Some of these ideas might sound obvious and others might sound impossible, but start small, try committing to one small change this week and see how it goes.


The Mayo Clinic says you need to make sure you’re getting enough iron and protein in your diet, so that you don’t develop iron deficiency anemia. If you’re having bedtime snacks, eat foods that have the natural sleep aid melatonin or contain amino acid that converts to melatonin in the brain. These include warm milk, turkey, bananas, and tart cherries (or tart cherry juice).

While the scientific jury’s out on the effectiveness of chamomile tea as a sleep-inducing substance, it’s safe in small amounts during pregnancy (according to the FDA) and the simple “feedback loop” reduces the stress you may have about your insomnia, explains Eric S. Zhou, Ph.D., at the Division of Sleep Medicine, Harvard Medical School. In other words, it helps you sleep if you believe it will.

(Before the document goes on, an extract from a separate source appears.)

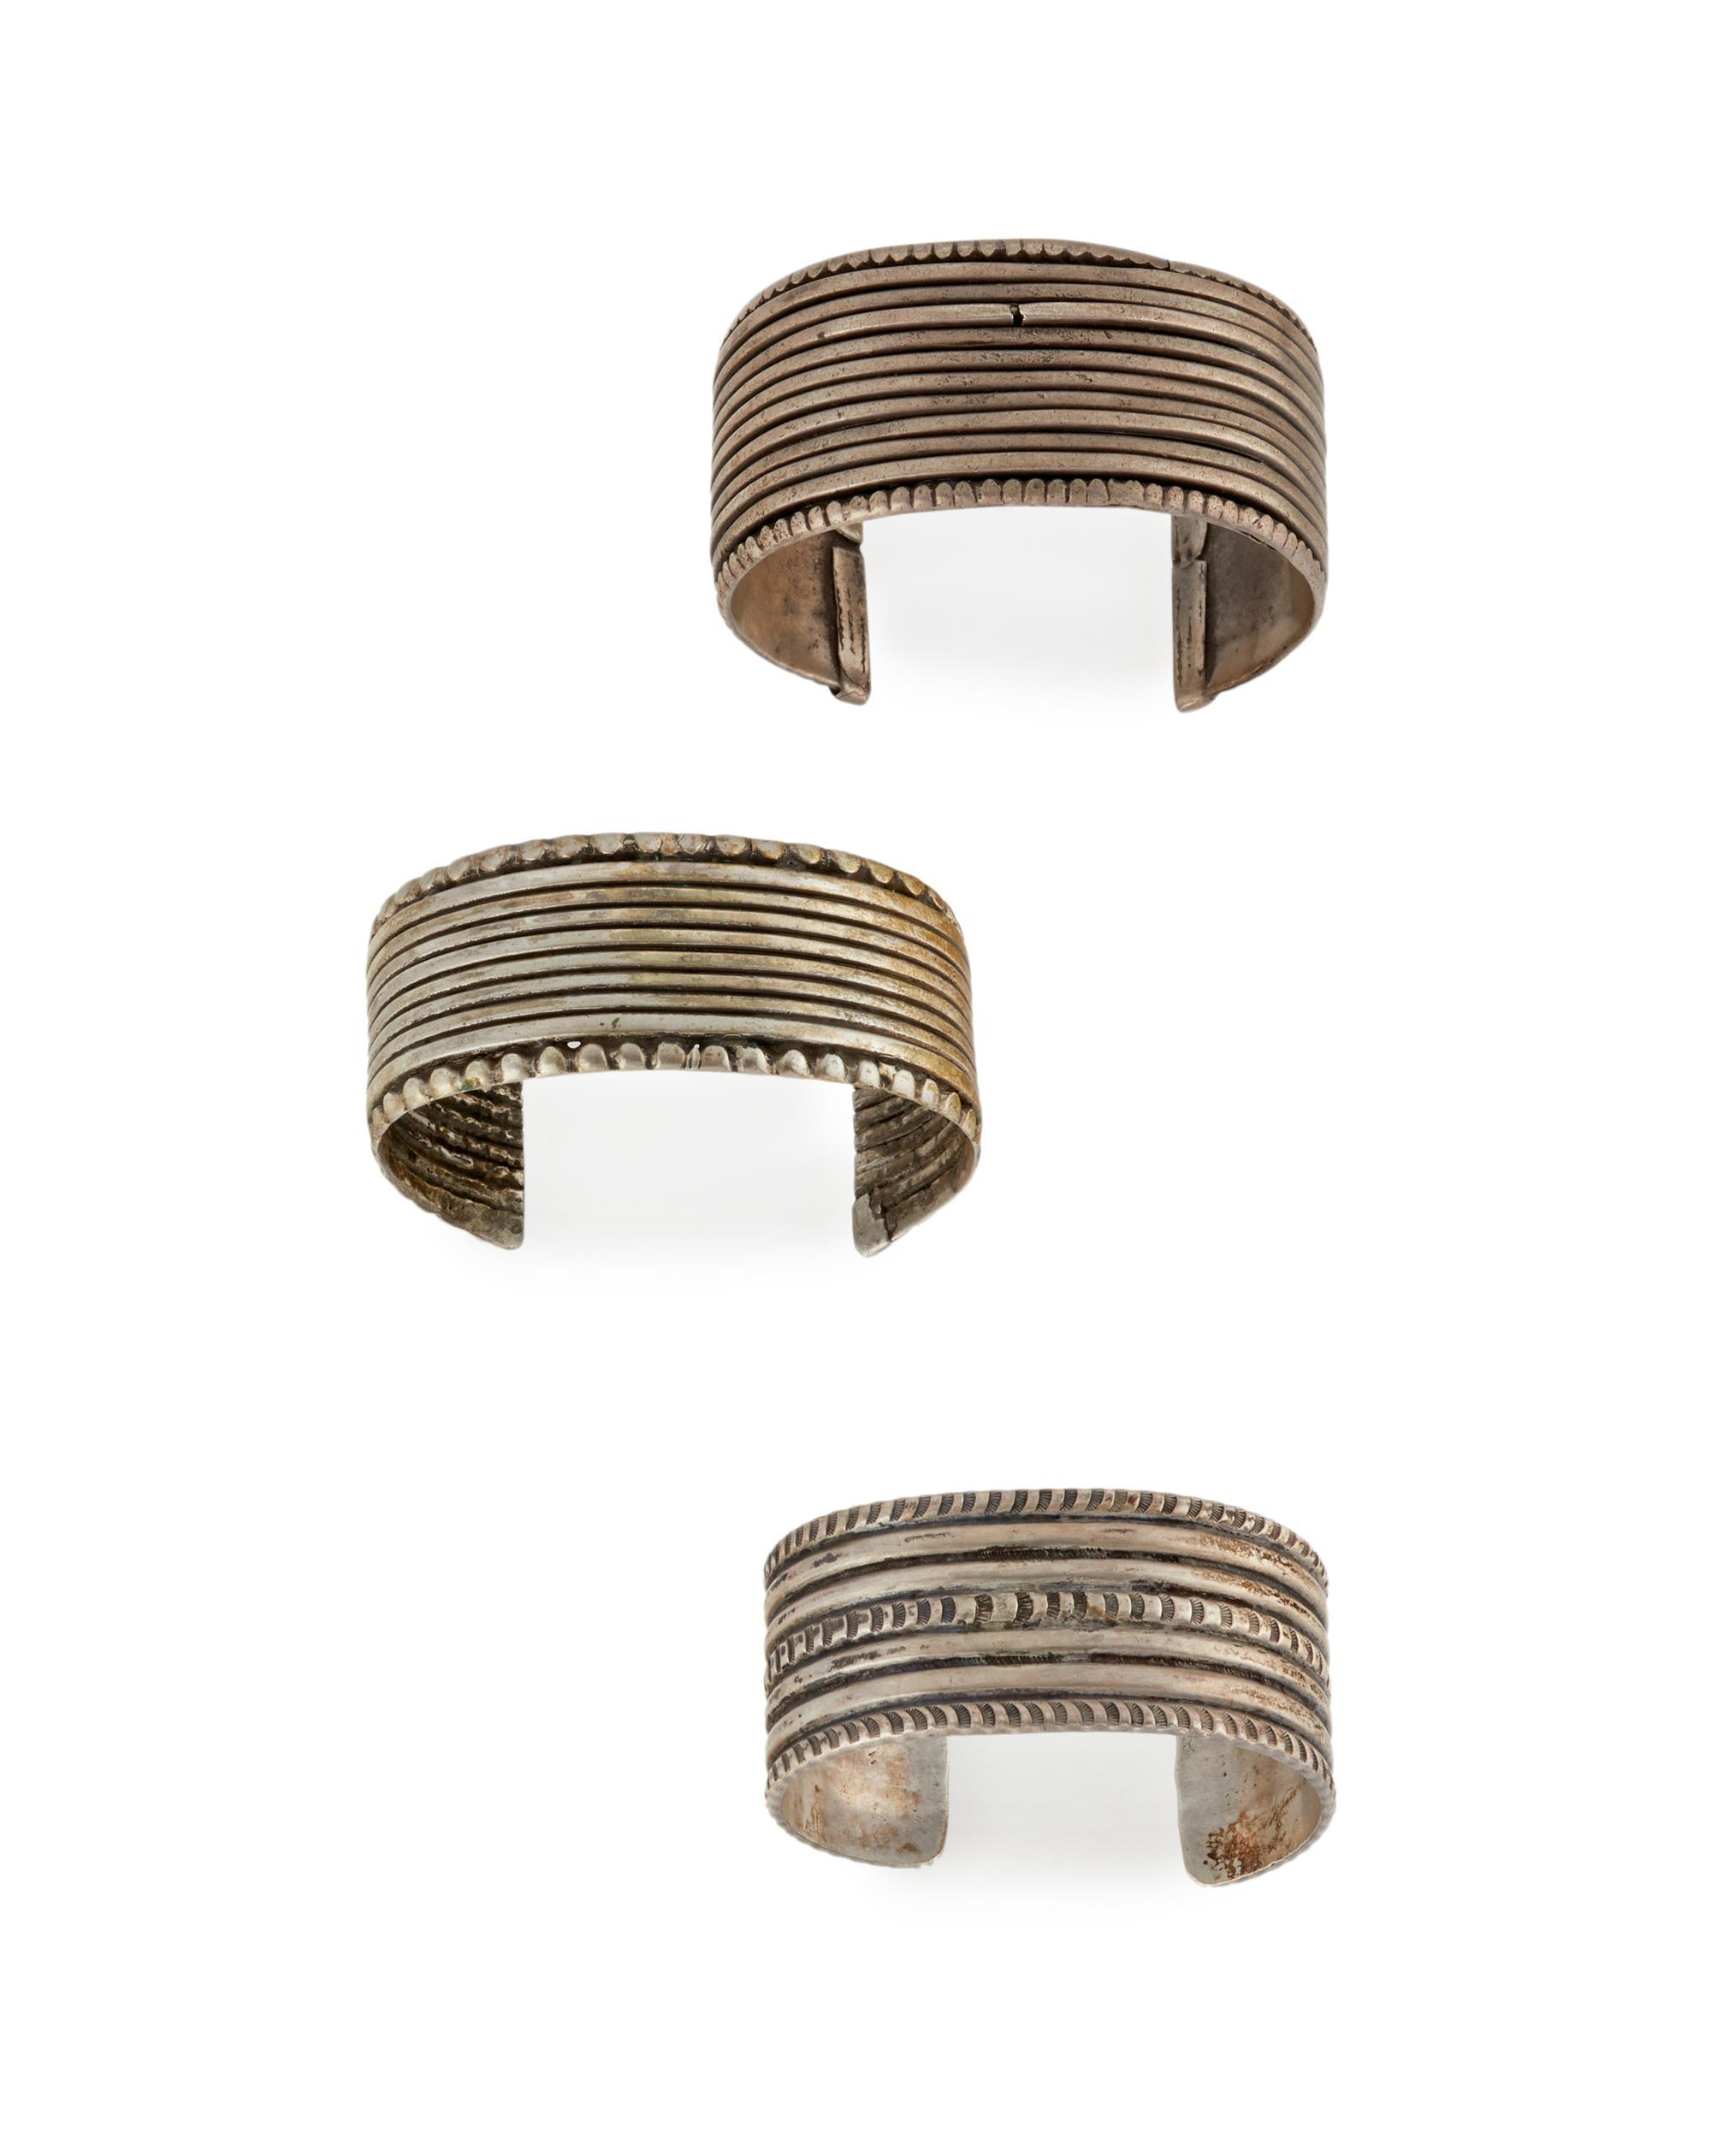 Three silver cuff bracelets

Don’t skip meals, but do have healthy mini-meals and snacks on hand to keep your blood sugar level. This helps with daytime fatigue and the smaller meals can ease heartburn, which can be another reason for your pregnancy insomnia. Try to make each meal, especially at work, a mini-break. This will allow you to rest a little, reducing your overall stress and fatigue load.

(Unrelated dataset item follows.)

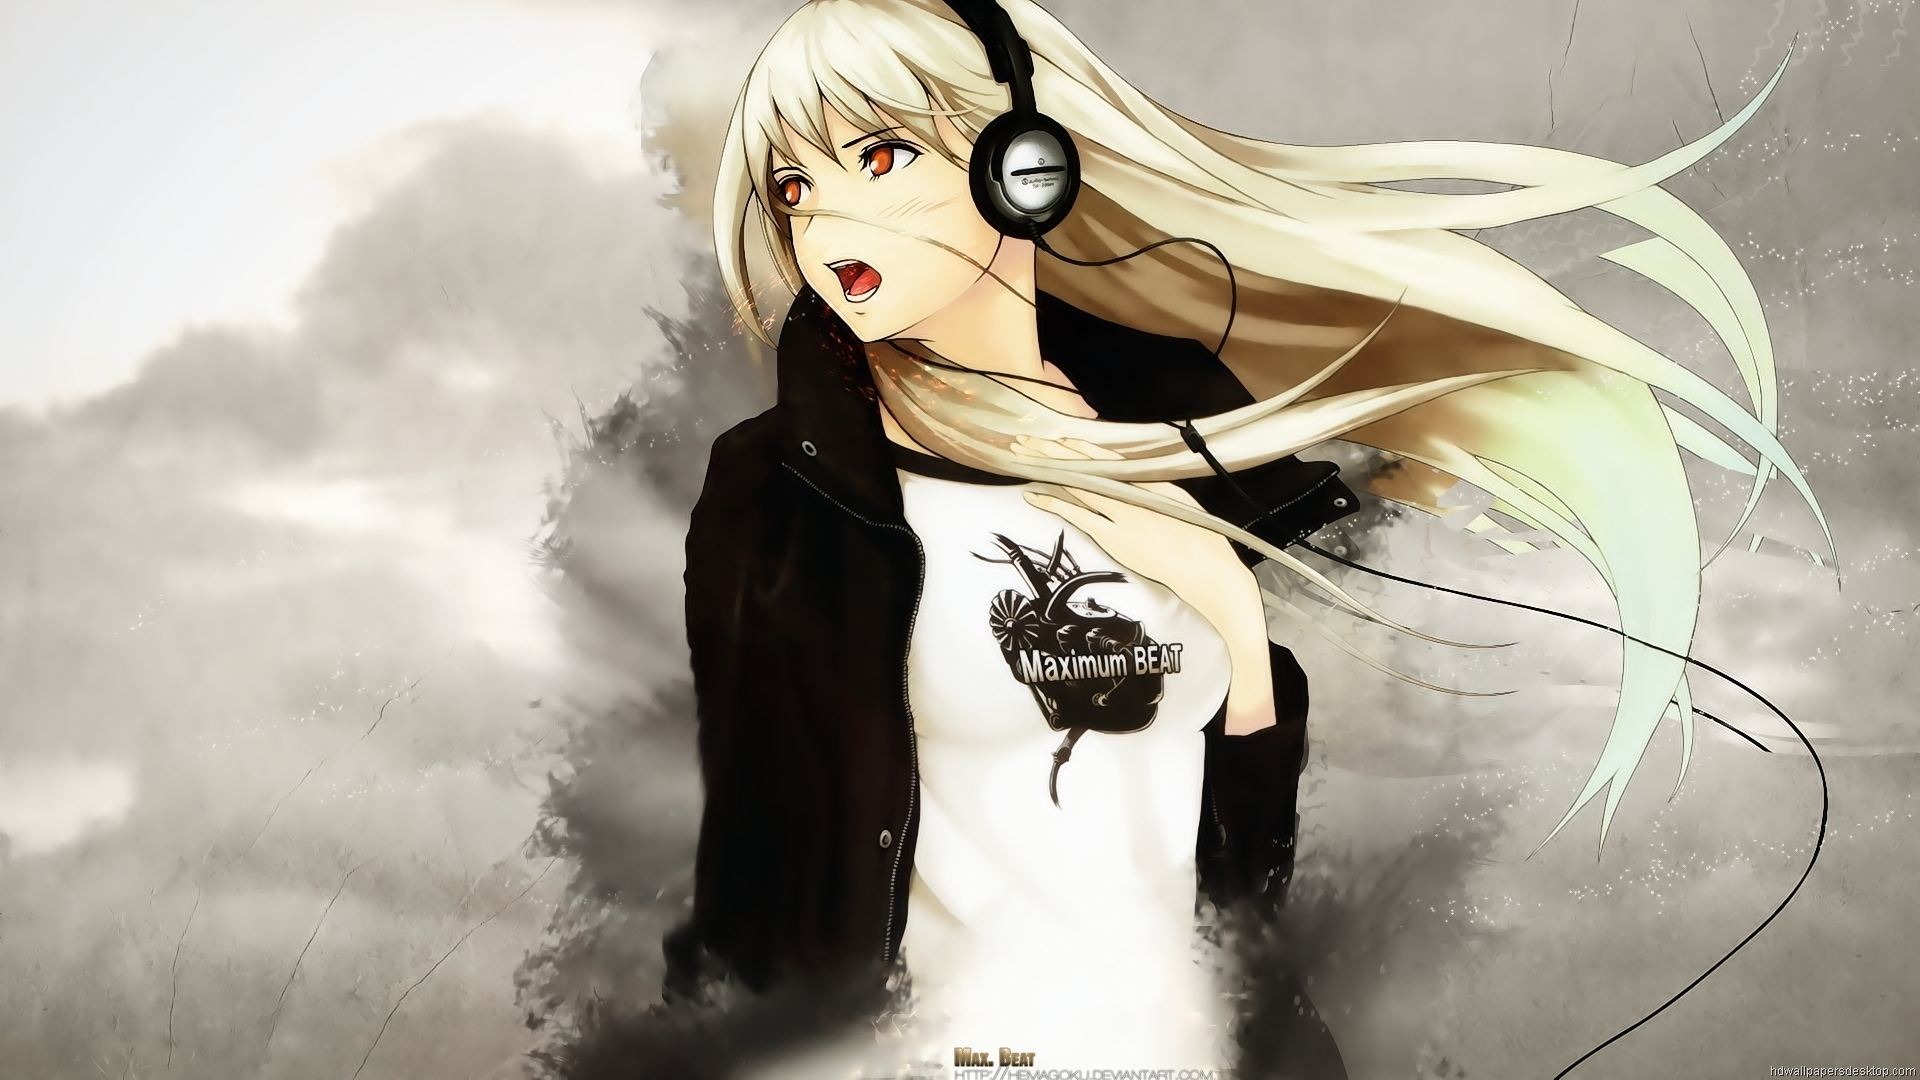 Download Anime Manga Girls Art Wallpaper X Full Hd

Cognitive behavioral therapy

A recent study shows that “cognitive-behavioral therapy specifically designed for insomnia may be a useful adjunct or alternative to medication,” writes Ruta Nonacs, M.D., Ph.D. More than two-thirds (64 percent) of the pregnant women assigned to five individual CBT sessions experienced a remission of insomnia. The drawback is that relief isn’t immediate, with results taking approximately 31 days.

Adjust your behavior

Baby yourself during your pregnancy, so that you lower stress levels and allow for periods of daytime rest to counter the insomnia. This may mean cutting back at work and taking more breaks, as allowed.

Delegate as much as you can. If you go into a workplace, remember that it will continue to function when you’re on maternity leave, so training others will benefit everyone in the long run. Of course, delegating tasks isn’t just for the workplace: it’s advice for the home too. Enlist a family member to help cook and clean, and hand off grocery shopping to your partner. If you’ve got a baby at home who still wakes at night, ask your partner or other caregiver to handle those nocturnal calls. See if a friend or family member will come help—you will be surprised at who’s willing to pitch in (and wants to help). It takes a village, after all.

Don’t dismiss pregnancy pillows, especially if you’ve got lower back and sciatic nerve pain. You can realign your hips and support your back with a pillow or use it to elevate your upper body. A wedge pillow under your bump provides support while you sleep and can be used for lumbar support by placing it against your back while you sit.

Finally, don’t set your maternity leave start date in stone. If your pregnancy insomnia is worsening as you get closer to your due date, talk to your boss about working from home (if possible), shifting to flexible work hours, or taking leave early. It’s far less stressful and more effective to deal with the increased fatigue at home rather than at the office.